This study was conducted by Herts Tools, plant hire specialists. If you’d like to use graphics or data from the study, please link to this page as the original source.
With recent reports suggesting that noise pollution, including noise from construction work, is the second-largest environmental threat to well-being, it’s essential that construction firms abide by noise guidelines to limit disruption – particularly in the areas worst hit.
To find the UK’s construction-related noise pollution hotspots, Herts Tools analysed the number of monthly Google searches for queries related to noisy construction work in different cities across the UK.
The data has revealed that London, Leeds and Huddersfield are the UK’s construction noise hotspots. Due to rapid urbanisation and extensive infrastructure projects, each city receives over 600 search queries related to construction noise per month – over 4 times that of searches in other areas of the UK.
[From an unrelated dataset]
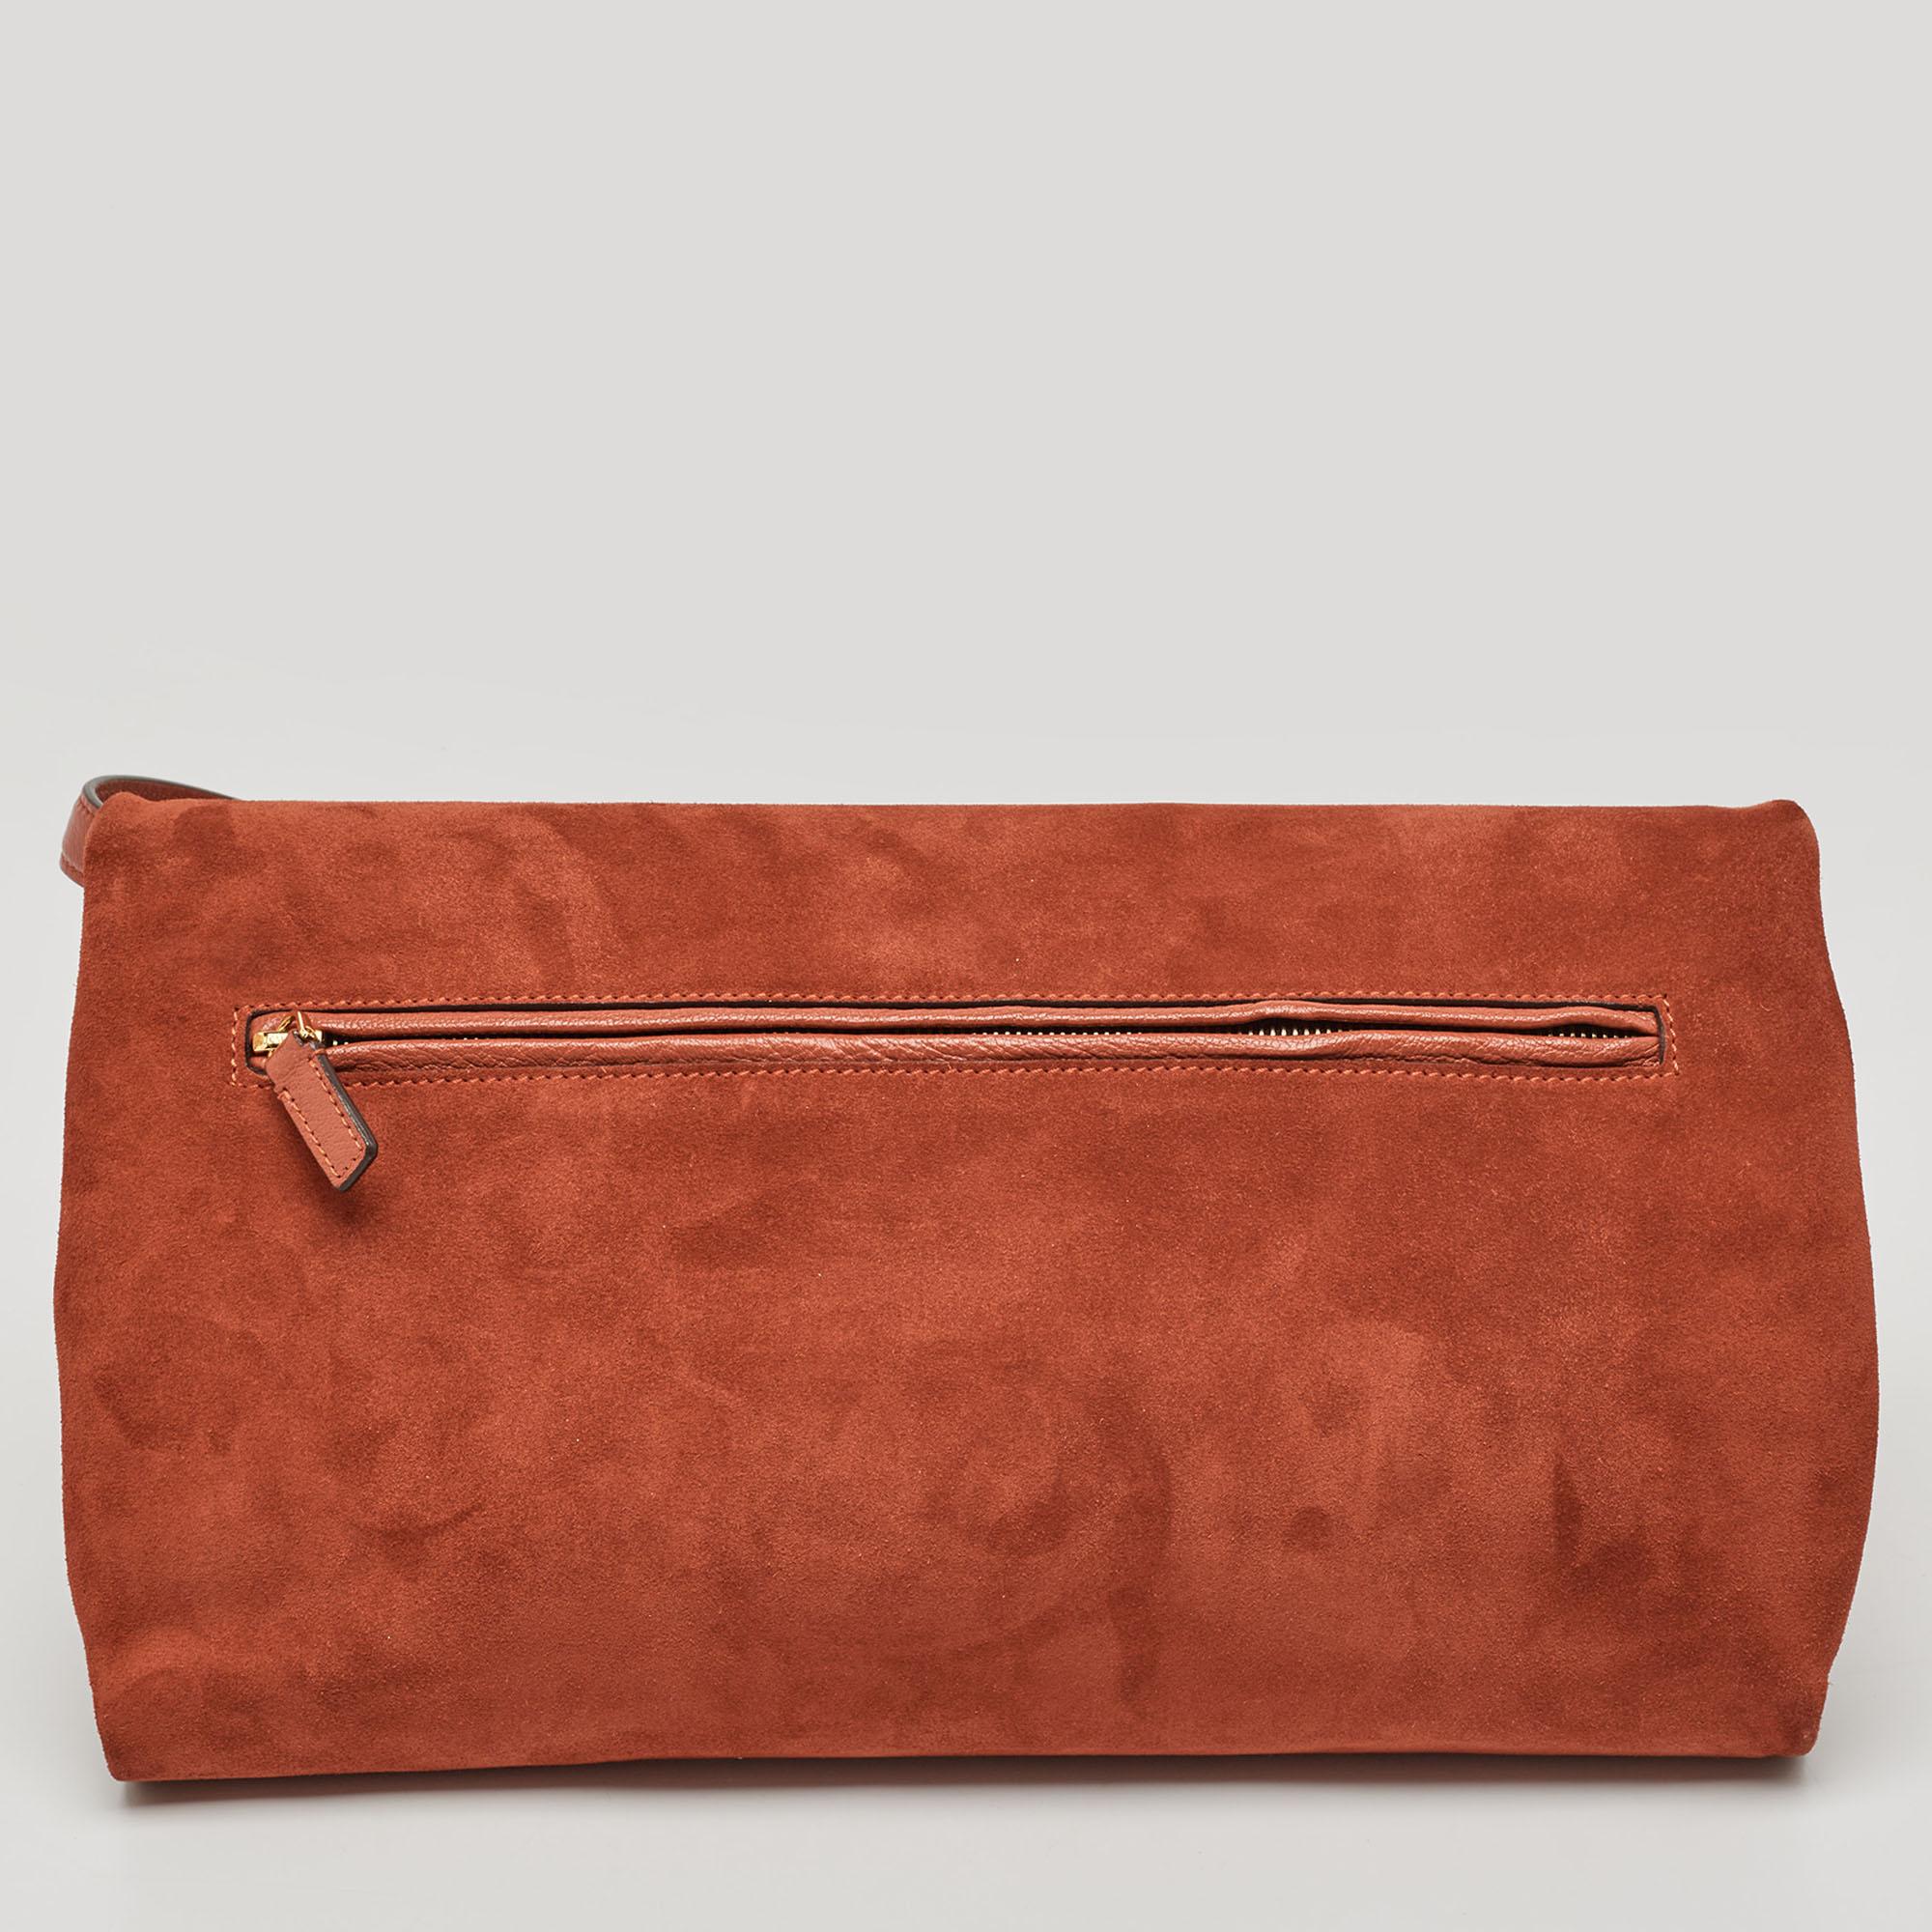 Functional and fashionable, this clutch is a classy styling choice. It is crafted from quality materials, and its lined interior will keep your evening essentials in a neat way.

Includes: Original Dustbag

This perhaps comes as no surprise considering annually, in London, there have been between 15,000 and 25,000 housing construction completions in the last 10 years. Similarly, Leeds has delivered 16,249 homes since 2018 and was responsible for 2.2% of England’s housing supply in 2021.
The findings revealed:
- Noise complaints rank the highest in London, Leeds, and Huddersfield with 600 monthly searches for queries such as “What time should neighbours stop building work” and “Is it illegal to start building work before 8 am”.
- Noise complaint searches for these cities were over 4 times that of searches in Blackpool and Wigan.
- The noise-averse may wish to avoid the north of the UK as a large number of northern cities had a high number of noise-related search queries.
- Manchester, Liverpool and Newcastle followed London, Leeds and Huddersfield as the noisiest areas for construction. All of the cities have over 500 monthly noise complaint searches.
According to the latest noise complaint report, the average number of general noise complaints per 1000 people across all the London boroughs in 2021 was a huge 50.5. General noise complaints in the north were also high, 13.2 complaints were reported in Liverpool, followed by Leeds (9.3), Newcastle (9.2) and Manchester (8.7). In comparison, Birmingham received just 5.8; Devon, 5.1 and Bristol, 3.1.
Does your city rank?
What are the rules and regulations?
Building work in public areas and on construction sites in the UK must be in accordance with the 1974 Pollution Control Act. This act limits noisy work to between 8 am and 6 pm from Monday to Friday. This doesn’t mean that zero construction work can happen outside of this, but it must be work which is not noisy, for example preparing a site or tidying up after work.
The kind of work which is considered noisy and is, therefore, time-limited under these laws is usually any task involving the use of hand or power tools and the erection or dismantling of scaffolding or walls. These laws around building noise generally only apply to professional construction work.
What are the laws about building work on Saturdays and Sundays?
The rules around building work are different at the weekend, with greater limits on what work can take place. Generally, on a Saturday, building work can take place between 8 a.m. and 1 p.m. However, there is some variation between different local authority areas, and it is important to check this with the Environmental Health department at the relevant council. The rules around working on a Sunday are generally more restrictive, with most areas prohibiting noisy work. This also usually applies to Bank Holidays.
Sometimes work can be done at the weekend and outside of the normal designated hours if there isn’t a viable alternative. Permission for this may be given when the work needs to be done on a very urgent or emergency basis, for example, to correct a problem that is disrupting the electrical or water supply to people’s homes. There may also be circumstances which make it impossible to do the work during normal working hours, for example, work on train tracks, which can often only be done at night when the trains aren’t running.
What can you do about noisy building work?
- Start by talking to the builders rather than making formal complaints. This gives construction workers a chance to correct any practices which are in breach of the rules or are causing significant disruption before any further action is taken.
- Contact organisations such as the Considerate Constructors Scheme, which are involved in ensuring high building standards, maintaining a positive image and reputation for the construction industry, and minimising the impact of building work on the public. Building sites, construction companies and suppliers are able to sign up for this scheme, which will then monitor their activity
- You can contact the site manager or the owner of the building company involved too. Details of this are usually displayed around the site.
- If nothing is done, you can report the incident to the council. If the complaint is found to be legitimate then the council can issue a noise control notice to the offenders, and if they continue not to comply, then a fine of up to £20,000 per offence can be imposed.